Wie erwartet, fuchtelte er zuerst mit seinem Schlagstock unter dem Bett herum, wobei ich zu weit hinten war, um von ihm getroffen zu werden. Dennoch sehnte ich mich irgendwie nach den Schmerzen, die er mir bereiten konnte. Kurzentschlossen, da ich nun wirklich ziemlich aufgeregt war, schoss ich von einem Moment auf den anderen wie eine gereizte Schlange unter dem Bett hervor und blieb mit dem Gesicht nach unten auf dem Boden liegen. Er sollte sich bücken oder wenigstens fragen, ob es mir gut geht. Immerhin war ich eine Lady, oder?
Jeff klang genervt: „Komm schon, du bist doch nicht gern schmutzig. Dein wöchentlicher Waschtag wartet." Bilder von einem nackten Ich inmitten vieler Wachen, wobei nur einer mit einem Wasserschlauch auf mich zielte, kamen mir vor Augen und ich kicherte wie ein kleines Schulmädchen: „Ihr wollt mich doch nur alle nackt sehen." Ich dachte an den einen sexy Typen, der zu meine Wachen gehörte und am Waschtag immer in der ersten Reihe stand, die Waffe schussbereit auf mich gerichtet. Er sah mir immer direkt in die Augen mit diesem konzentrierten Blick, der ganz offensichtlich von sexuellem Interesse sprach.

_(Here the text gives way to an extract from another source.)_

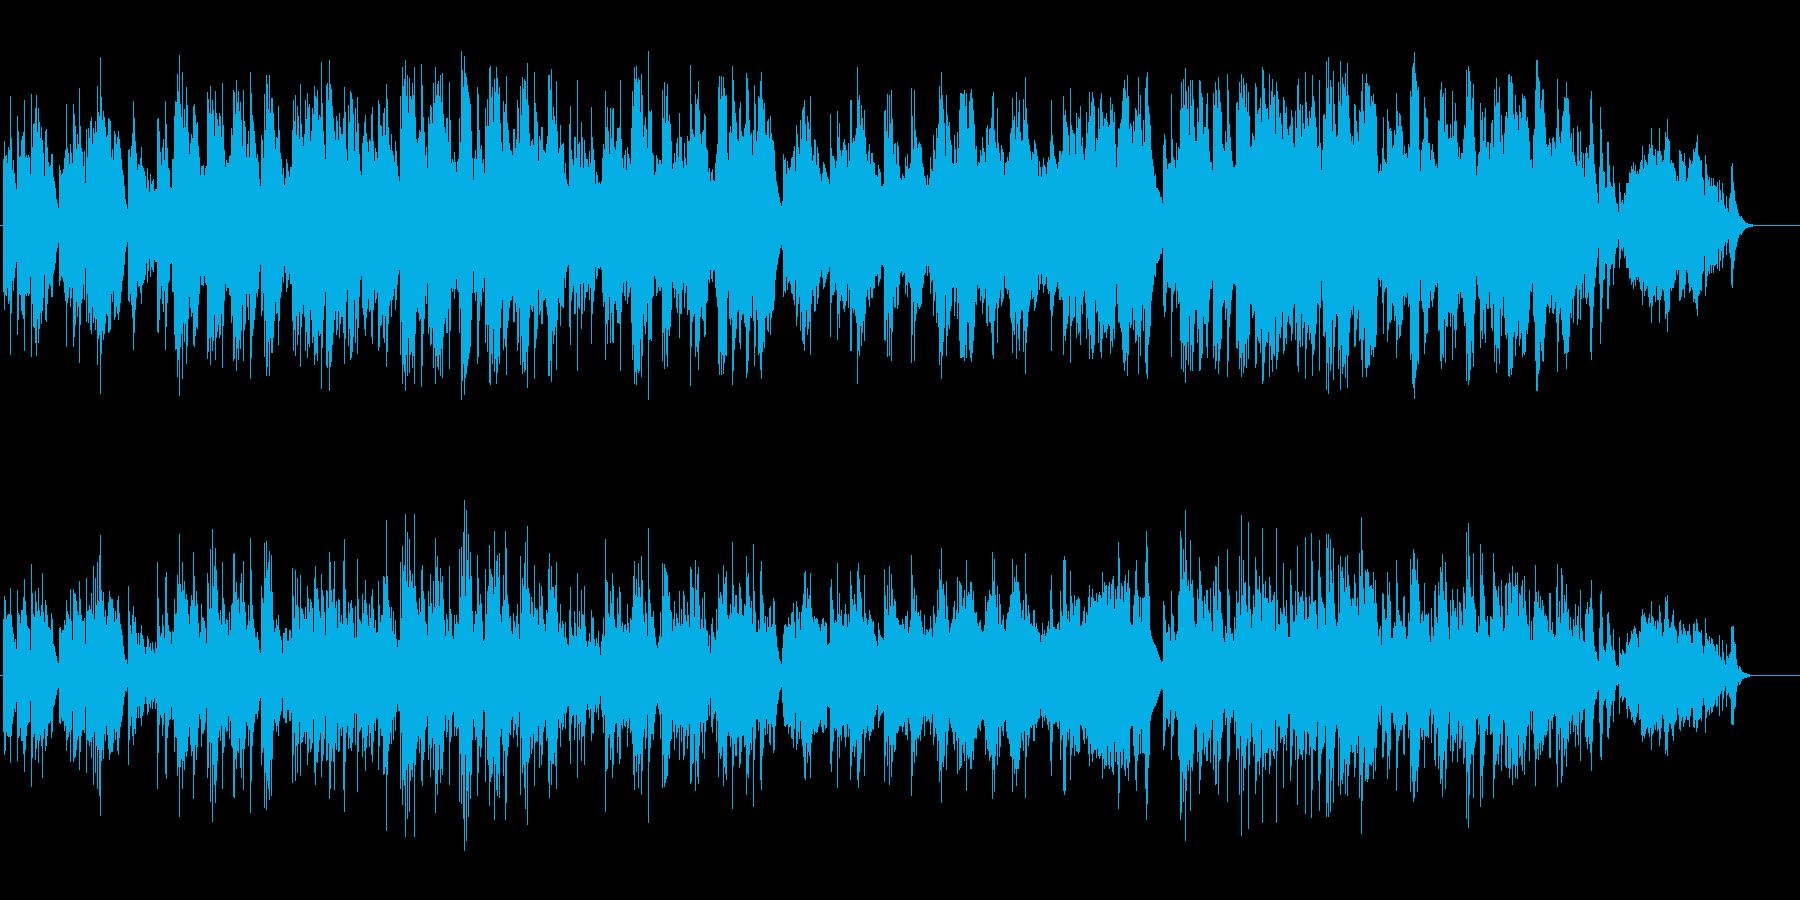 優美なハープのアンビ系BGの再生済みの波形
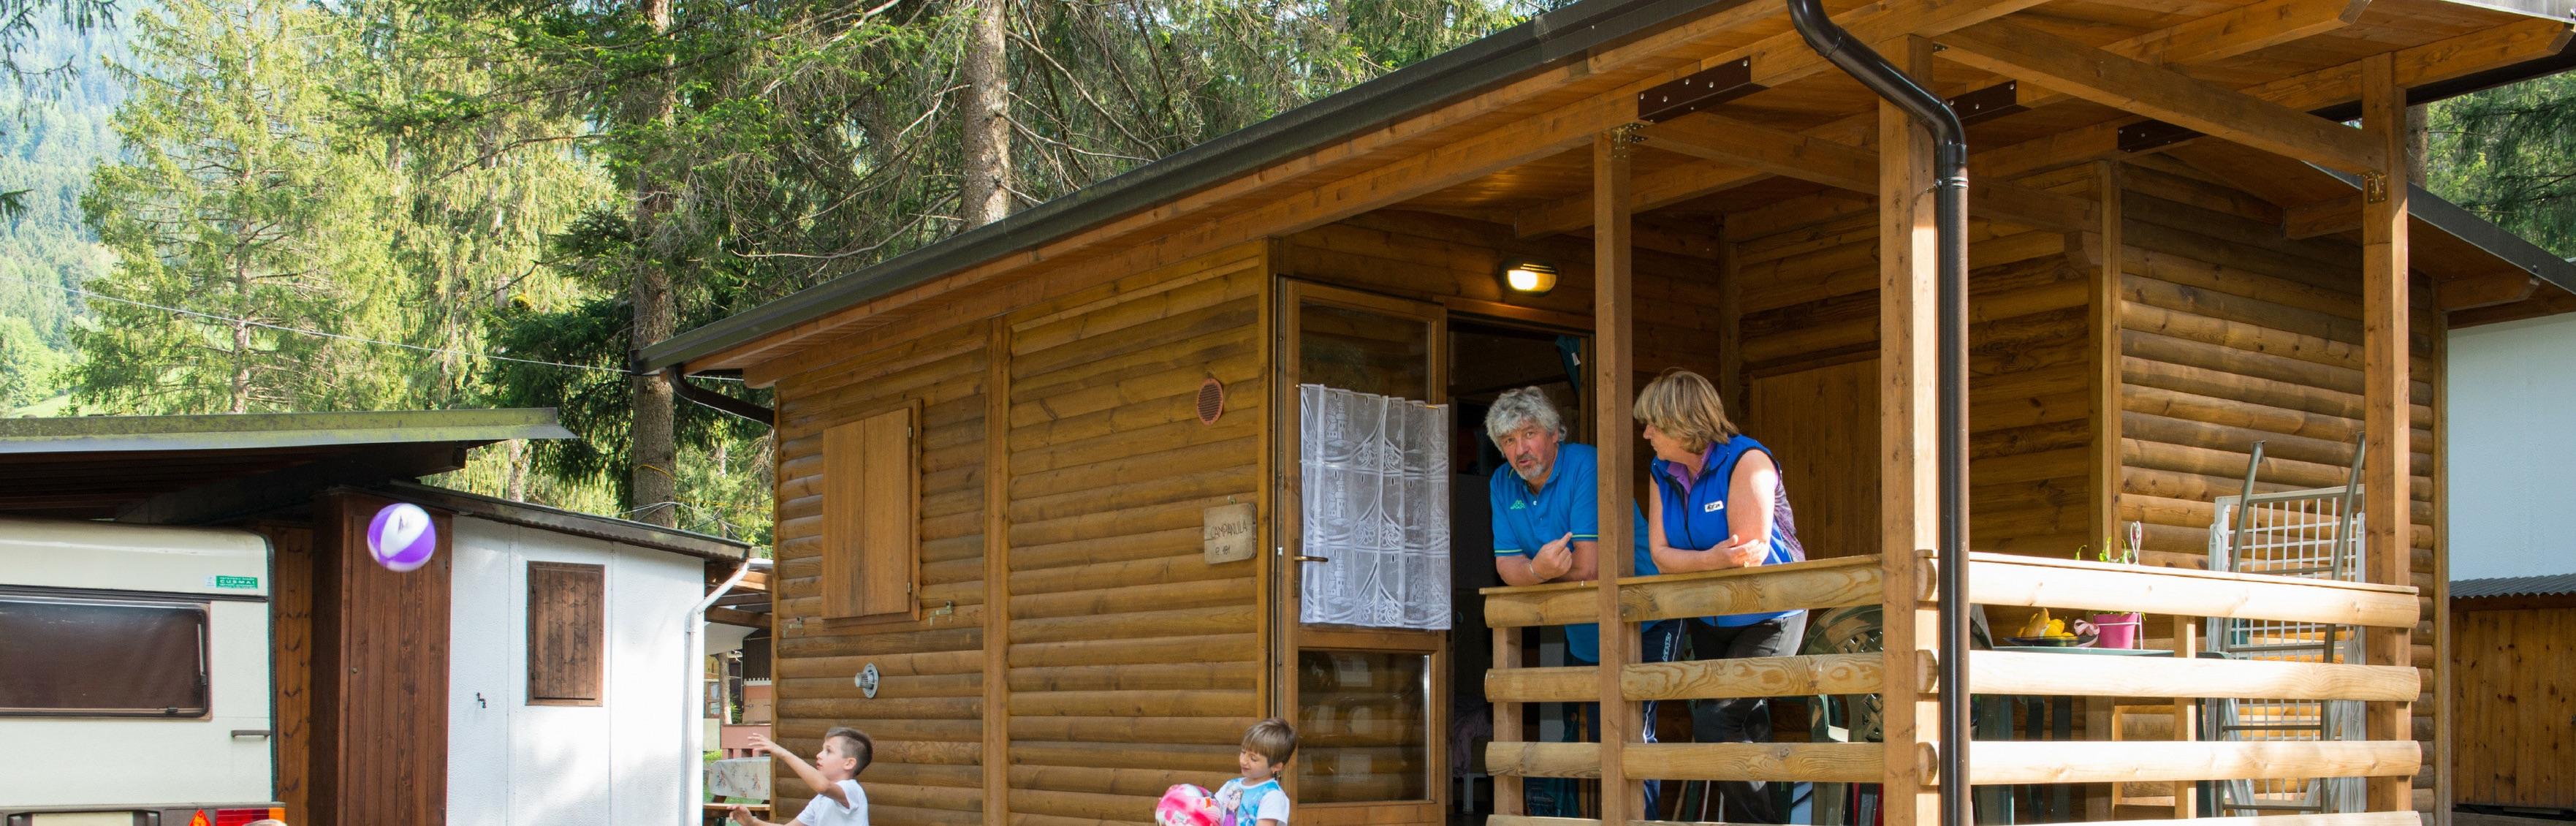 Casa mobile in affitto camping village boscobl - Costruisci casa ...

Jeff riss mich aus meinen Gedanken, indem er sagte: „Was gibt es da schon zu sehen?" „Ach, jetzt sei doch nicht so. Ich weiß genau, dass du mich liebst." „Muss dieses Geplänkel jetzt wirklich jedes Mal sein?" „Gib mir einen Kuss, dann bin ich still", kicherte ich wieder. Ein genervtes Seufzen entfuhr ihm: „Schnapp es dir." Ich hörte den Jungen, der zuvor zurückgewichen war, wieder näherkommen und wusste, dass dies meine einzige Chance war, um der Langeweile zu entkommen und nach so langer Zeit endlich wieder zu töten. Schauen, ob ich es überhaupt noch konnte.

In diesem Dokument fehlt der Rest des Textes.